TL;DR AI Regs; Pay to Display; Model Extravaganza
This week we have an eclectic mix of news for you: An update on an important piece of legislation that will impact AI development for years to come, an examination of a new content deal between a prominent AI company and a large publisher, and a summary of a host of new model announcements in both the image and text generation domains. Read on below!
The Californication of AI
California’s State Bill 1047 has AI companies in a tizzy
What it is: We’ve been remiss in not covering California Senate Bill 1047 which passed through the Assembly Appropriations Committee and is now headed for a floor vote in the CA state Assembly next week. The bill, introduced by State Senator Scott Wiener, aims to mandate safety testing for developers of large AI models. Many in the AI space are concerned that the bill is “well-intentioned but ill-informed” (a direct quote from Speaker emeritus Nancy Pelosi).
What it means: The bill has sparked significant debate among tech companies, lawmakers, and AI experts:
Anthropic, initially opposed to the bill, worked with Senator Wiener to amend SB 1047. The revised version incorporates some of Anthropic's suggestions.

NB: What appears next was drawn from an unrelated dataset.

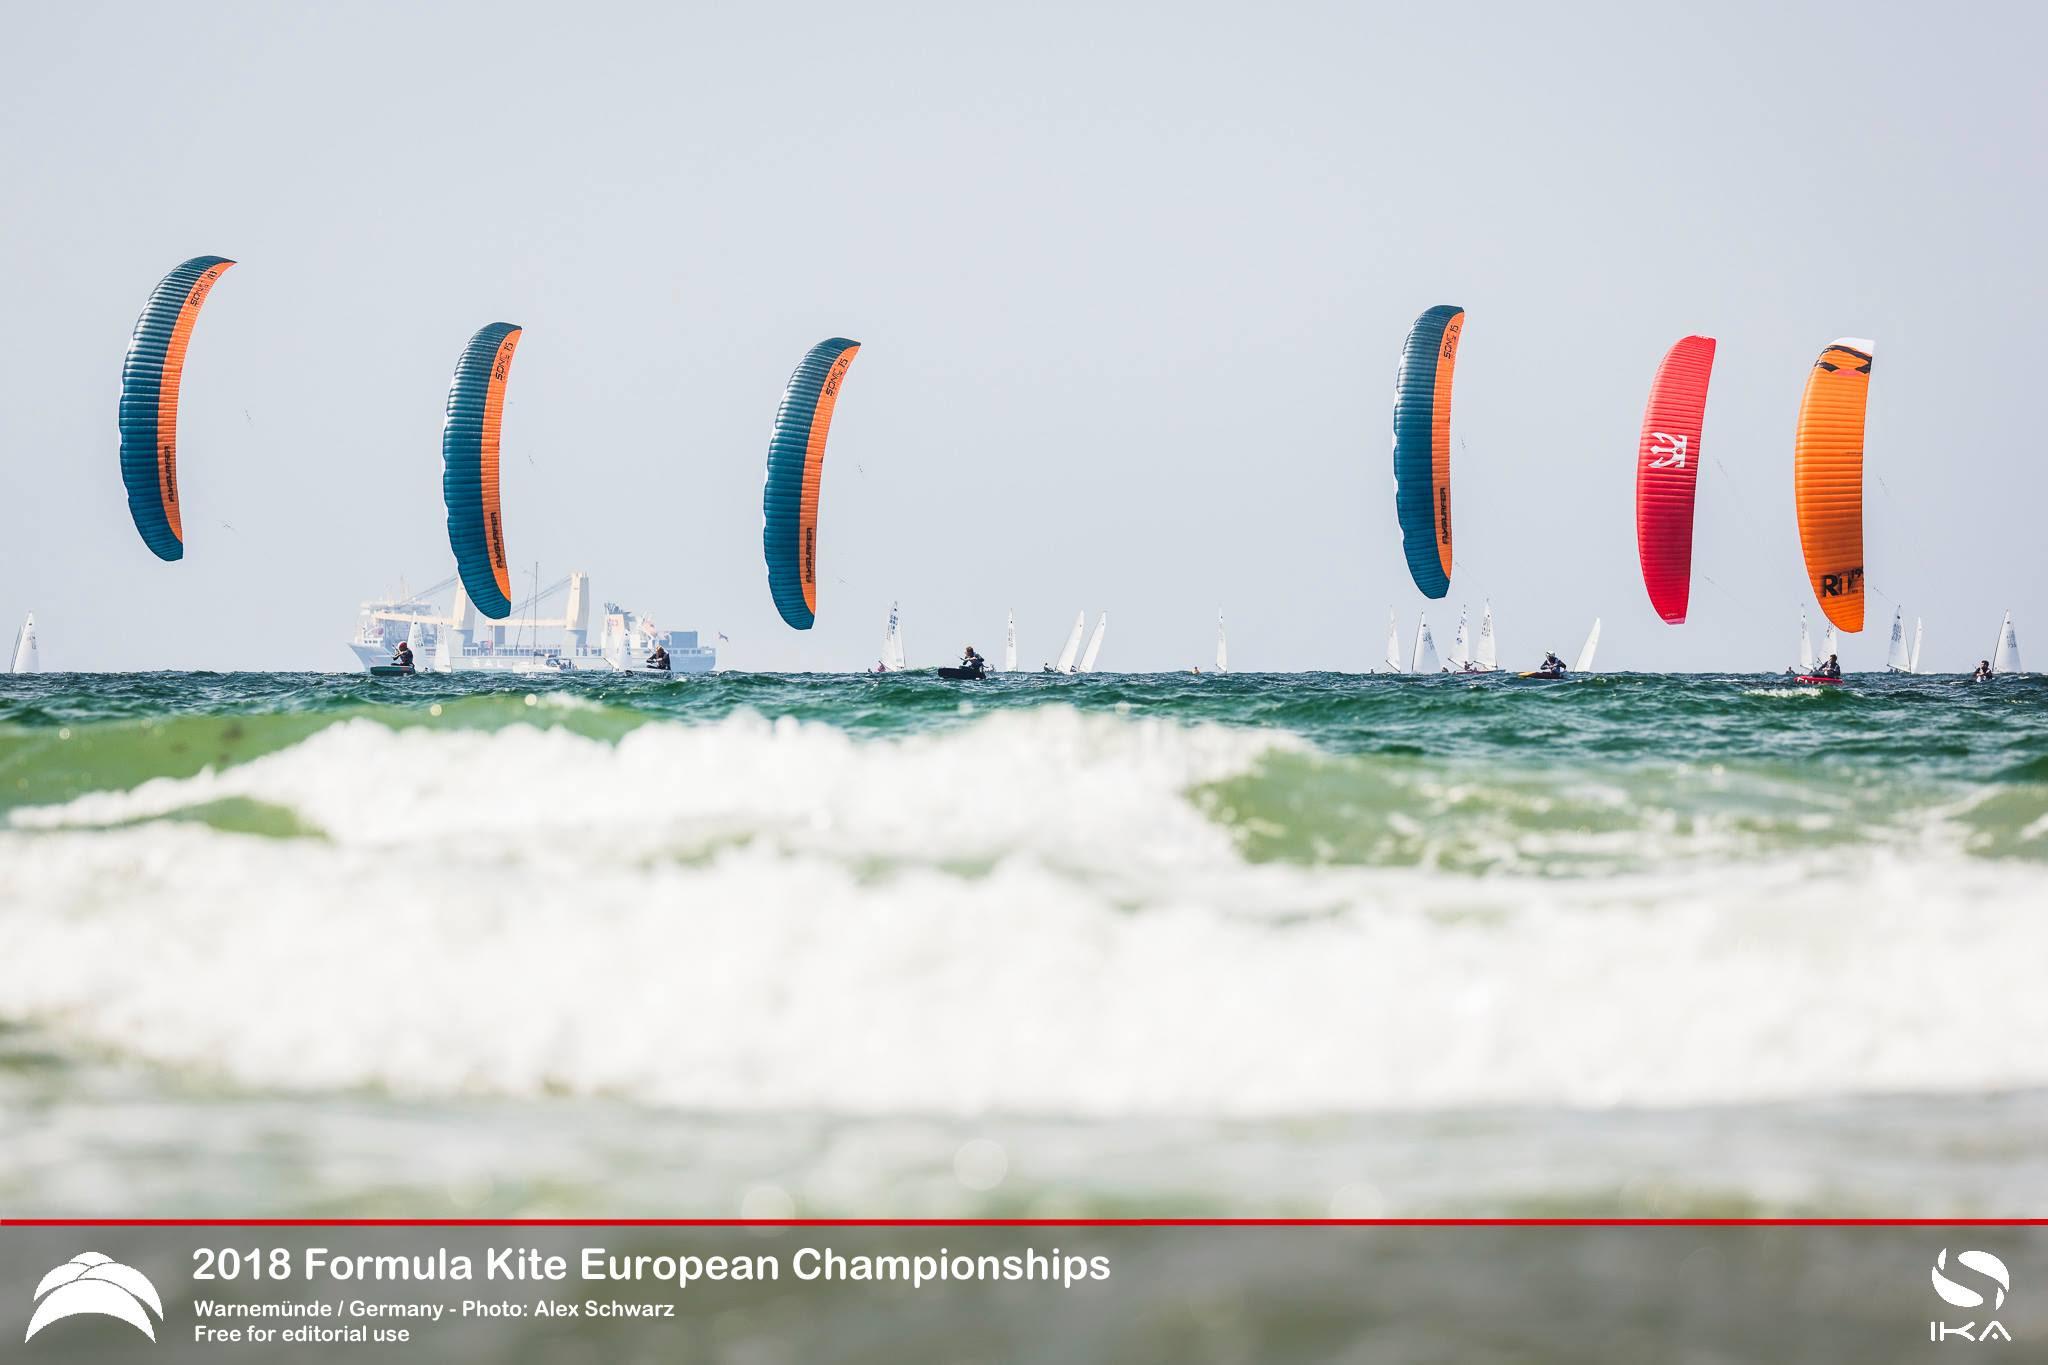 Formula Kite European Championship Heats

OpenAI’s Chief Strategy Officer, Jason Kwon, penned an open letter to Wiener expressing concern that the bill would threaten innovation, competition and national security. OAI joins the chorus against the bill including VCs Andreessen-Horowitz and Y Combinator, as well as Meta, open-source-advocates Hugging Face, and Google.
Senator Scott Wiener defends SB 1047 as a "straight-forward, common-sense, light-touch bill" that builds on President Biden's executive order. He argues that the bill only requires large AI developers to perform safety tests they have already committed to doing.
Why it matters: The debate surrounding SB 1047 highlights the difficulties of regulating AI, a topic which we have covered at length. While it is vital to ensure that AI tools are used for the benefit of society, it is challenging to regulate in such a way that doesn’t stifle innovation or give an advantage to competing nations who are not bound by the same regulation (see the U.S.’s efforts to curb Chinese AI). We find ourselves agreeing with Dr. Andrew Ng’s suggested approach: rather than hamstring the development of AI technology because of the possibility it could be used to harm, instead we should focus on restricting specific applications. So while we don’t ban the use of Photoshop because it could be used to reproduce copywritten works or illegal content, instead we prosecute when the tool is used for nefarious purposes. AI should be treated similarly.
Condé Nast Cash
Publisher inks deal with OpenAI to license content
What it is: Condé Nast, the global media company behind publications like Vogue, The New Yorker, GQ, Architectural Digest, Vanity Fair, Bon Appétit and Wired, has entered into a licensing agreement with OpenAI.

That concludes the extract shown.